In both studies, there is the possibility of underdiagnosis of surgical site infection because of patients that may have been treated elsewhere for SSI without recording in the database. In our study, this would have been only possible in cases with an SSI more than 1 year after the index operation, because we registered the infection status of all patients at 1 year follow-up on the outpatient clinic.

A limitation of this external validation is the potential lack of similarity of definitions of predictor variables. Despite several mail attempts by our study group, the authors of the prediction model were not able to inform us about their methods. In addition, the incidence of preexisting medical comorbidities as used in the prediction model of Lee et al. (congestive heart failure, rheumatoid arthritis, and diabetes) could not be compared because these were not further specified in the article. A second limitation is the sample size of our cohort. Even though the absolute size is quite large, the number of events (SSI) is only 60. A study suggests using at least 100 events and 100 non-events for an external validation study [19]. Therefore, our results may be less precise.

In prior research, more risk factors were identified to increase the risk of SSI after spine surgery than used in the prediction model of Lee et al. In our opinion, some of these factors would be important to include in a model for SSI following (instrumented) spinal surgery of the thoracolumbar spine: smoking, alcohol use, and previous spine surgery [5, 6, 20]. These factors are important in shared decision-making and communication with patients undergoing spinal surgery because some of these factors, such as smoking behavior, can be adapted during workup.

Conclusion

The model presented by Lee et al. shows poor predictive performance in our cohort of Western European patients undergoing instrumented spinal surgery.

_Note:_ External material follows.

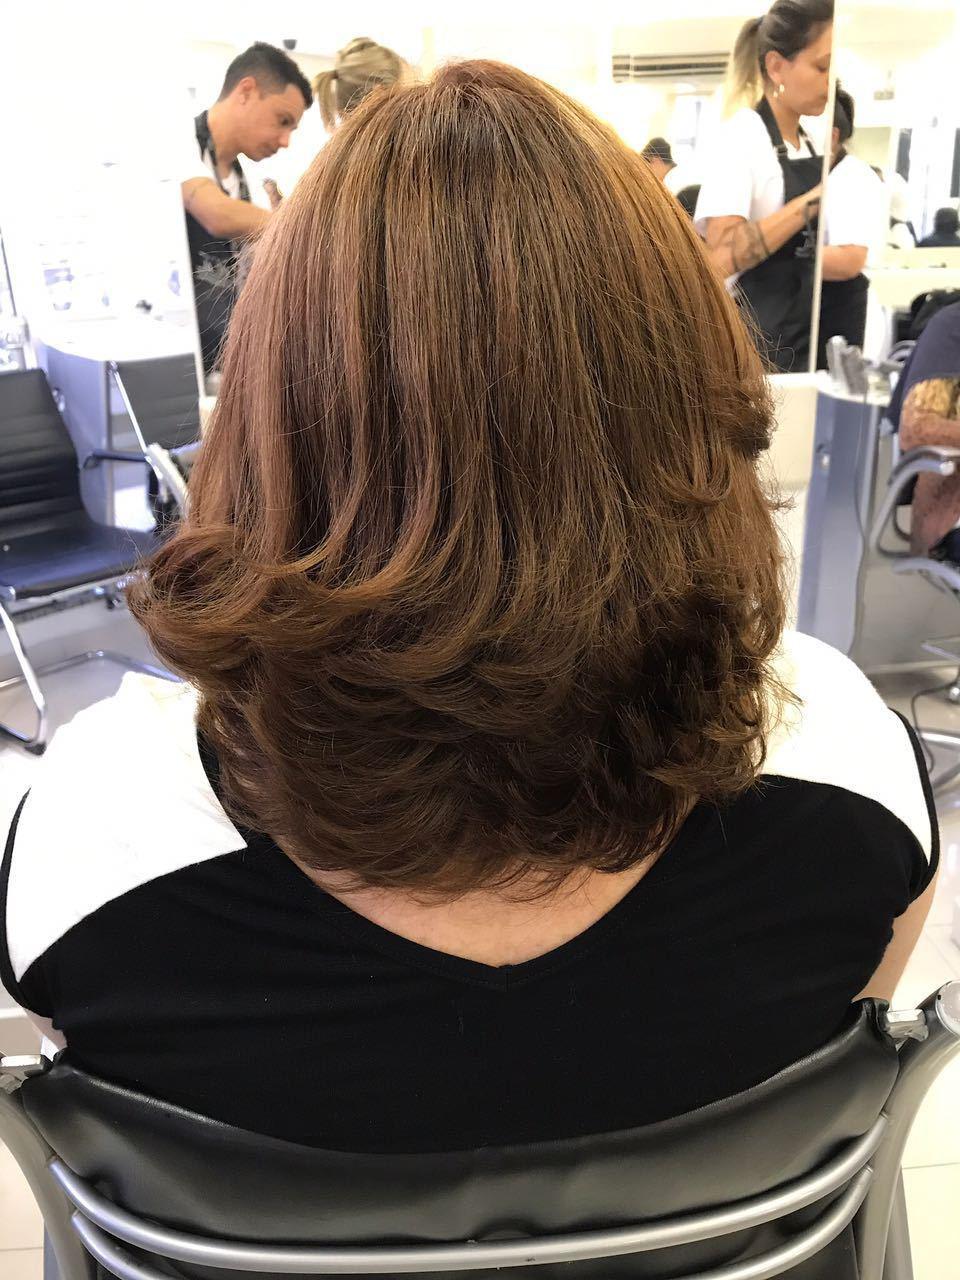 Coloração Clássica: retoque de raiz com INOA de @lorealpro , ideal para clientes que desejam nuances naturais, brilho intenso e cobertura perfeita dos cabelos brancos. #porquevocevalemuito #lorealparis #lorealbrasil #lorealpro #lorealprofissionnel #lorealcolor #coresquemarcam cabelo estudante (cabeleireiro) auxiliar cabeleireiro(a) cabeleireiro(a)

For valid and accurate prediction of SSI after instrumented spine surgery in an academic center, a better prediction model should be developed, preferably with more, and better defined risk factors earlier described in literature for a patient population that is better comparable with the population in our academic spine center. After the development of such a prediction model, this should also be externally validated in similar populations to use it as a broad and more general model. A valuable tool for validations of new models could be high-volume national and international registry data to compare factors such as diagnosis, operations, comorbidity, and incidence of infection in large patient populations, because of the low incidence of SSI in spine surgery.